No, necesariamente. La madurez no está relacionada con la edad, sino con el alma. Así que si la relación es a nivel de alma, triunfará. Pero si está basada en el ‘hambre emocional’, no durará o irá a trompicones, y será conflictiva.

Las canciones de amor siempre hablan de relaciones conflictivas, donde solo ama él o ella, de abandono, etc., ¿es que el amor bonito no es posible?
Claro que lo es, pero no vende. Vende más el desamor, el dolor, la victimización… porque empatiza con el estilo de vida y la actitud de la mayoría. La gente escoge aquello que se le parece, que le es familiar y que le refrenda su conducta disfuncional. A la mayoría no le interesa cambiar a mejor sino que le justifiquen su ‘hambre emocional’, la mala gestión de su vida. A mí me parece horrorosa la letra de esa canción que dice Sin ti no soy nada… ¡Caramba!, yo sin ti soy yo, pero sin mí, es cuando de verdad no soy nada.
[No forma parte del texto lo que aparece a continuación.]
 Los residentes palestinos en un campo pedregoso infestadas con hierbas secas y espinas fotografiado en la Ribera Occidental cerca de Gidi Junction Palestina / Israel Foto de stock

Por eso, yo acuñé las frases: ‘No te quites la corona ni para dormir’. Y, ‘Eres lo mejor que te ha pasado’.

¿Cómo hacemos para amar y que nos correspondan?

Amarnos a nosotros mismos. Si te amas, ya tienes quien te corresponda: tú. Y, desde ahí podrás apreciar y reconocer, o al revés, a los que te amen. Y valorar su amor.